LAB¶
A generic interface for linear algebra backends: code it once, run it on any backend
Basic Usage¶
The basic use case for the package is to write code that automatically determines the backend to use depending on the types of its arguments.
Example:
import lab as B
import lab.autograd # Load the AutoGrad extension.
import lab.torch # Load the PyTorch extension.
import lab.tensorflow # Load the TensorFlow extension.
import lab.jax # Load the Jax extension.
def objective(matrix):
outer_product = B.matmul(matrix, matrix, tr_b=True)
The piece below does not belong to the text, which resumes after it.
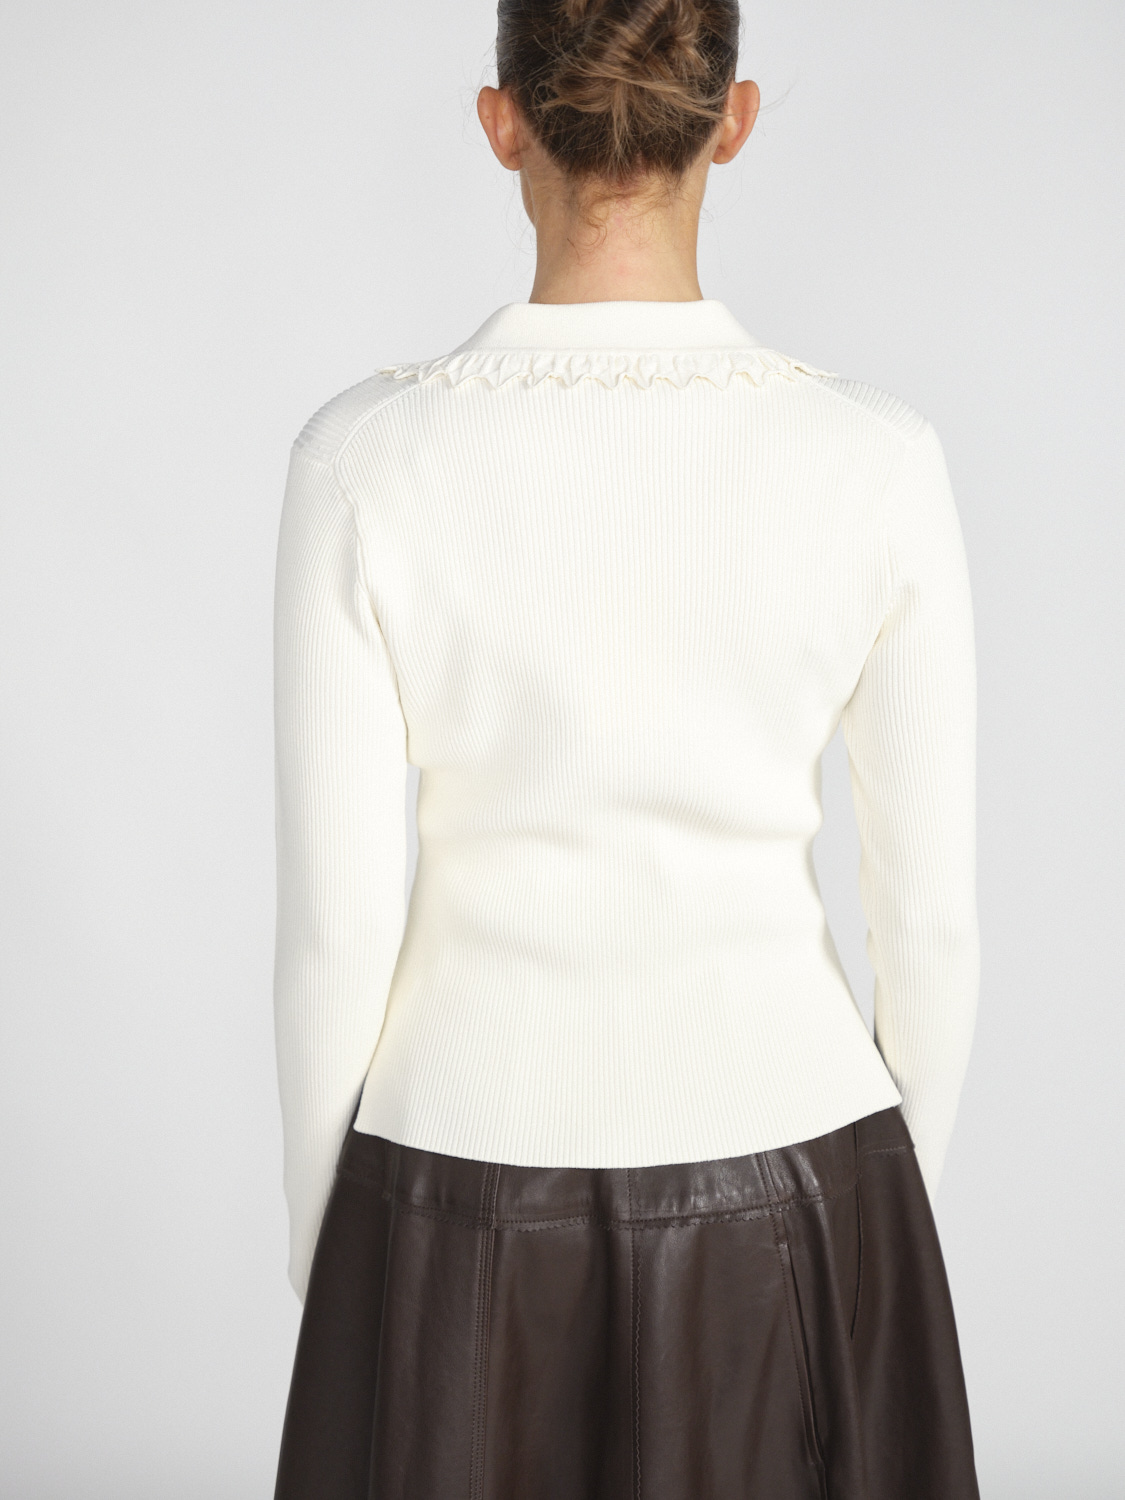 Ulla Johnson Liese - Longsleeve with frill details  creme S

return B.mean(outer_product)
The AutoGrad, PyTorch, TensorFlow, and Jax extensions are not loaded
automatically to not enforce a dependency on all three frameworks. An
extension can alternatively be loaded via import lab.autograd as B
.
Run it with NumPy and AutoGrad:
>>> import autograd.numpy as np
>>> objective(B.randn(np.float64, 2, 2))
0.15772589216756833
>>> grad(objective)(B.randn(np.float64, 2, 2))
array([[ 0.23519042, -1.06282928],
[ 0.23519042, -1.06282928]])
Run it with TensorFlow:
>>> import tensorflow as tf
>>> objective(B.randn(tf.float64, 2, 2))
<tf.Tensor 'Mean:0' shape=() dtype=float64>
Run it with PyTorch:
>>> import torch
>>> objective(B.randn(torch.float64, 2, 2))
tensor(1.9557, dtype=torch.float64)
Run it with Jax:
>>> import jax
>>> import jax.numpy as jnp
>>> jax.jit(objective)(B.randn(jnp.float32, 2, 2))
DeviceArray(0.3109299, dtype=float32)
>>> jax.jit(jax.grad(objective))(B.randn(jnp.float32, 2, 2))
DeviceArray([[ 0.2525182, -1.26065 ],
[ 0.2525182, -1.26065 ]], dtype=float32)
List of Types¶
This section lists all available types, which can be used to check types of objects or extend functions.
Example:
>>> import lab as B
>>> from plum import List, Tuple
>>> import numpy as np
>>> isinstance([1., np.array([1., 2.])], List(B.NPNumeric))
True
>>> isinstance([1., np.array([1., 2.])], List(B.TFNumeric))
False
>>> import tensorflow as tf
>>> import lab.tensorflow
>>> isinstance((tf.constant(1.), tf.ones(5)), Tuple(B.TFNumeric))
True
General¶
Int # Integers
Float # Floating-point numbers
Bool # Booleans
Number # Numbers
Numeric # Numerical objects, including booleans
DType # Data type
Framework # Anything accepted by supported frameworks
NumPy¶
NPNumeric
NPDType
NP # Anything NumPy
AutoGrad¶
AGNumeric
AGDType
AG # Anything AutoGrad
TensorFlow¶
TFNumeric
TFDType
TF # Anything TensorFlow
PyTorch¶
TorchNumeric
TorchDType
Torch # Anything PyTorch
Jax¶
JaxNumeric
JaxDType
Jax # Anything Jax
List of Methods¶
This section lists all available constants and methods.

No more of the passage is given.